GIVEN DATA:
————

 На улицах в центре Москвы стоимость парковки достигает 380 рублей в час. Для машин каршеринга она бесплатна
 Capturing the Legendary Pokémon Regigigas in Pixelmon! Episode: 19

————

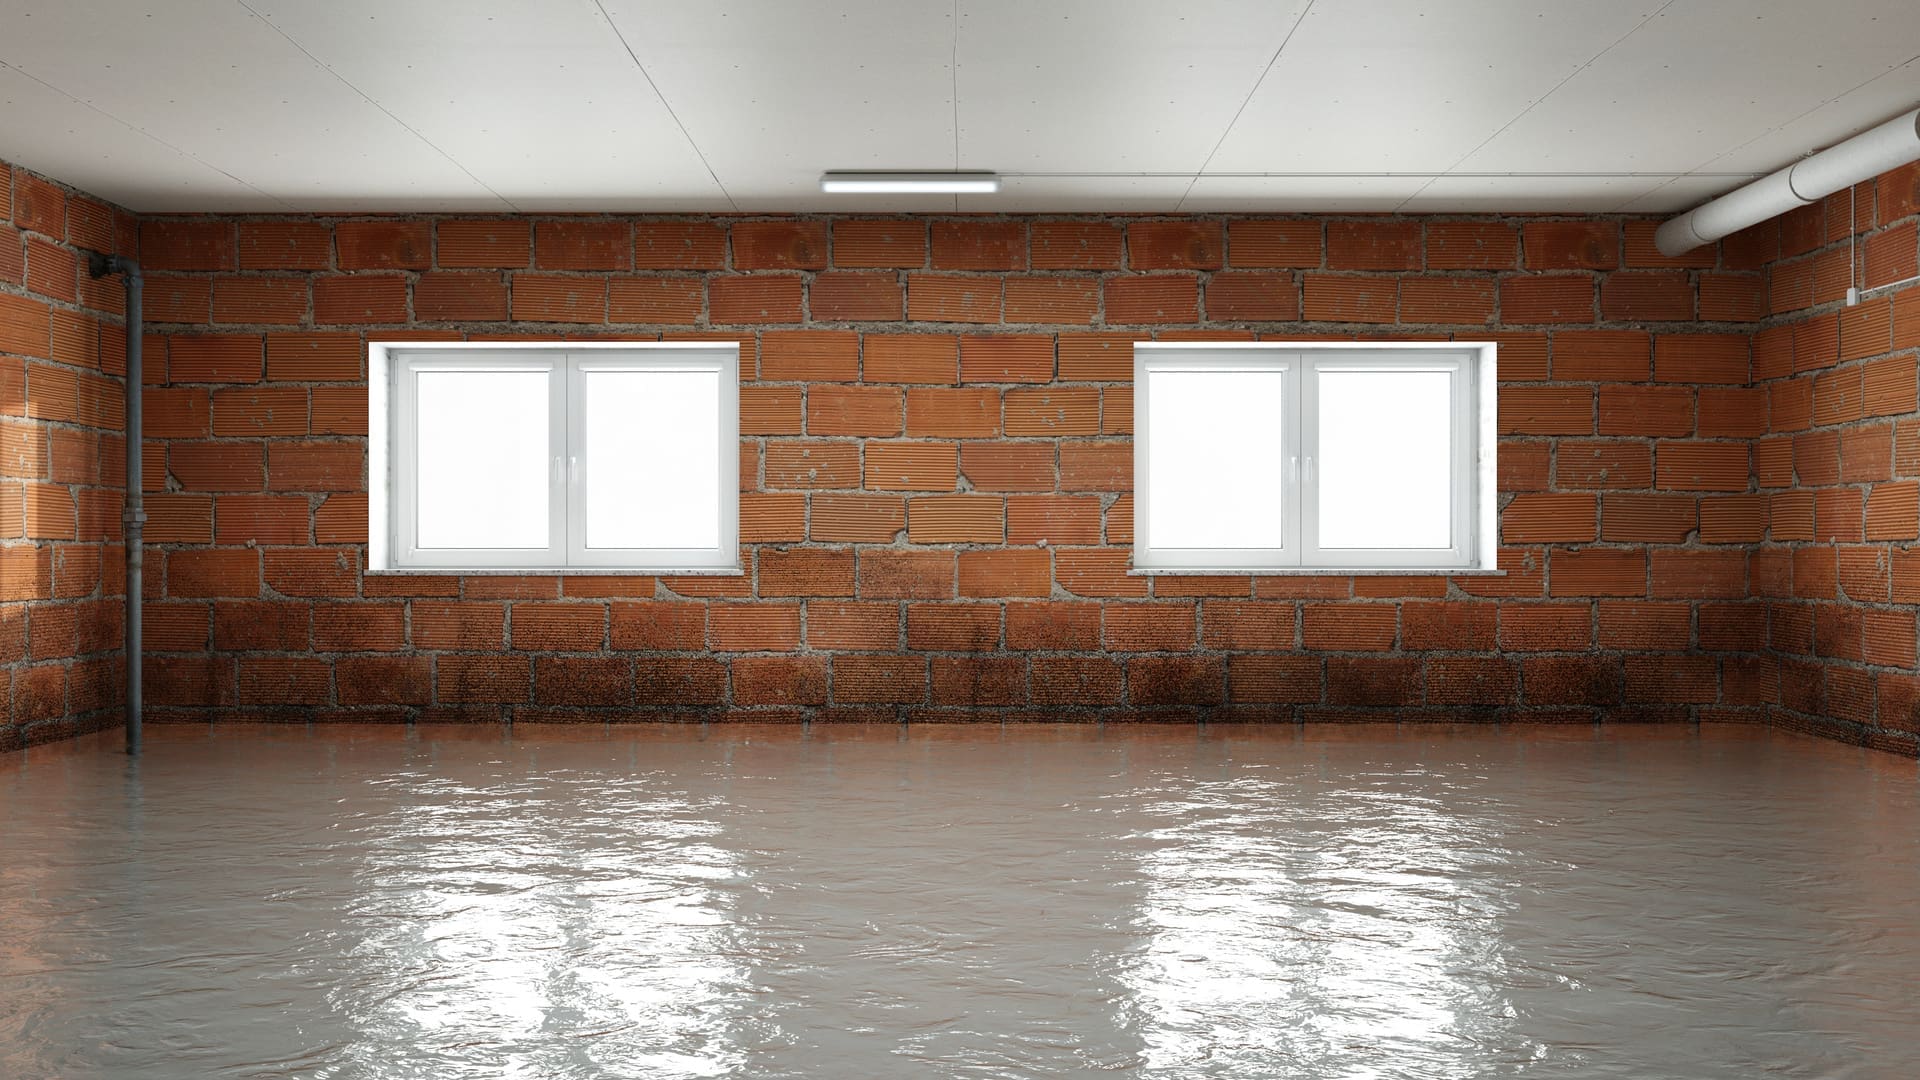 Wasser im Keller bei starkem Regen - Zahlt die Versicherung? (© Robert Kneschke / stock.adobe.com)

————

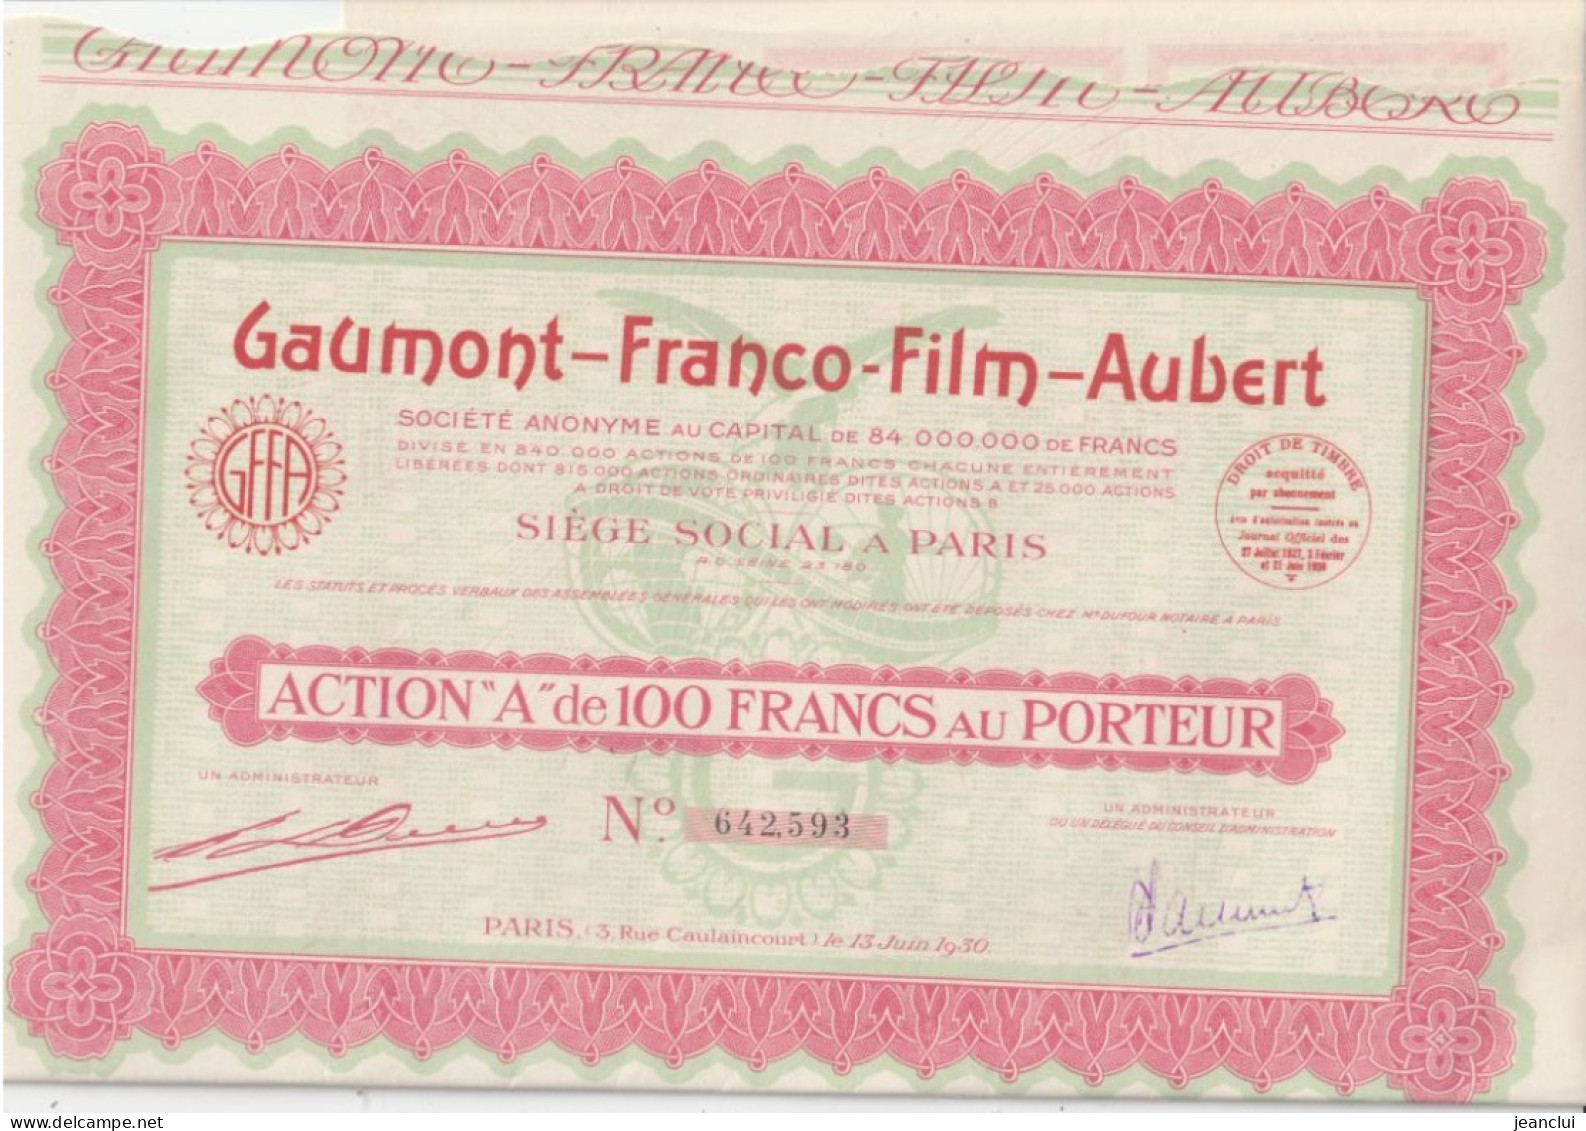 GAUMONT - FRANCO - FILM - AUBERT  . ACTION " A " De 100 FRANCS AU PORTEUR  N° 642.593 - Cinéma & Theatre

————

EXERCISE DETAILS:
The range runs from the line with "На улицах в" up to and including the line with "Capturing the Legendary" in the listing above; please write out exactly those lines and nothing more.

TASK OUTPUT:
 На улицах в центре Москвы стоимость парковки достигает 380 рублей в час. Для машин каршеринга она бесплатна
 Capturing the Legendary Pokémon Regigigas in Pixelmon! Episode: 19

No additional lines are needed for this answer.